My language skills are still lacking. For a lot of things that I want to express, the words are there; but to express them results in some stuttering and halting speech. My host parents are nowhere near proficient in English, but they know words such as "nuance" and "meteor." I feel that with my expanding vocab, I'll soon enter the territory of my host parents: I'll know a lot, but I won't be able to do much with it.
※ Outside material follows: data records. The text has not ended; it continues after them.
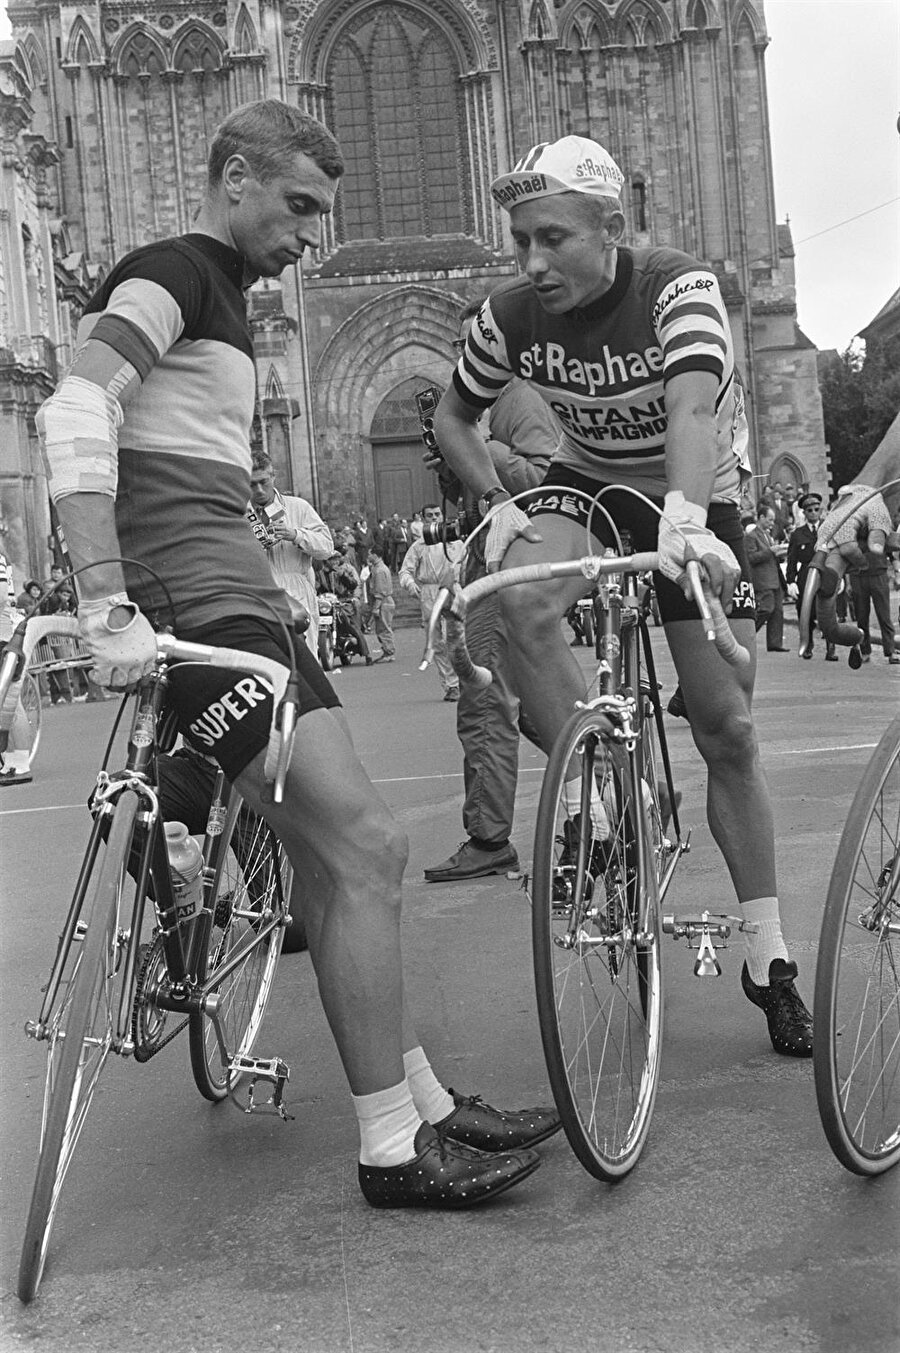 İki yıl askerlik yaptı

                                    
                                    
                                    
                                    
                                    Anquetil, 1954'te iki yıl sürecek askerlik görevini yapmak için Richepanse de Rouen kışlasına gitti.

I've poured over the forums and the wiki looking for some sort of aid for speaking practice. I can't find any. Besides the often repeated, "Speak Japanese to Japanese people," I'm at a loss.
The recommendation to "Speak Japanese to Japanese people," which I do every day, seems like some sort of cop-out. It seems like this would be similar advice to, "To learn Kanji, simply remember how they look." But this is RevTK! We know better than that. We know that sequencing, mnemonics, and radicals work better than the bang-you-head-against-the-wall advice, "just simply memorize the kanji."
Have no users attempted to break down speaking and listening practice? If the search function is failing me, I'm sorry. I'm really trying my hardest to research before asking.
Here are some of my current output/input problems that I'm going to slowly through, or feel helpless in.
Problem: Looking through sentence examples to find helpful phrases such as, "generally speaking" or "as you can see" is tedious. Beyond that, I can't even tell if the example sentences are trying to express the English sentence's idea in a way that's awkward in Japanese.
Question: Is there any sort book or reference that easily lists and catalogues these colloquial phrases?
Problem: I know Japanese grammar to a good extent, but I am not a master at it. Tae Kim has been an amazing resource, but there are so few examples for me to practice and to get into that Japanese thinking mindset. It feels like just repeating one example gives me less quick reaction understanding than being able to say multiple examples. The Tanaka corpus fails me by having complicated,literary sentences, with a vocab too complex for my sake.
Question: Is there any resource with a whole slew of example sentences for each grammar point and with simple vocabulary. I would love to have something where, for example, I could put my hand over the Japanese, look at the English, guess that "I plan to go to France" is "私はフランスへ行くつもりです。" and then lift my hand up and confirm if I'm right.
Problem: Reading graded readers is easy for me. If those readers were audio files, I'd have a harder time. Simply listening to Japanese talk radio, or the news seems to be less reward for the time spent. I need something to bridge the gap.
Question: Are there any recommended graded readers that come with audio? Are there such things as graded listening practice?
Problem: My Japanese is in general halting. Sometimes it feels like this is because I may be thinking in English, but it also just feels like how it did when I first started playing guitar: I could play everything fast poorly, or everything slow perfectly.
Question: Does anyone have any "Japanese practice routines" that they'd like to share? Does anyone here ever spend 10 minutes just trying to smoothly say one grammar point with a variety of vocab before doing Anki reviews etc.?
This community has been a god-send for my Japanese learning. Without this community, I'd be nowhere near what I am now; so I obviously deserve no replies for how little I've contributed. If that's so, this is just one big thank you for the extraordinary help!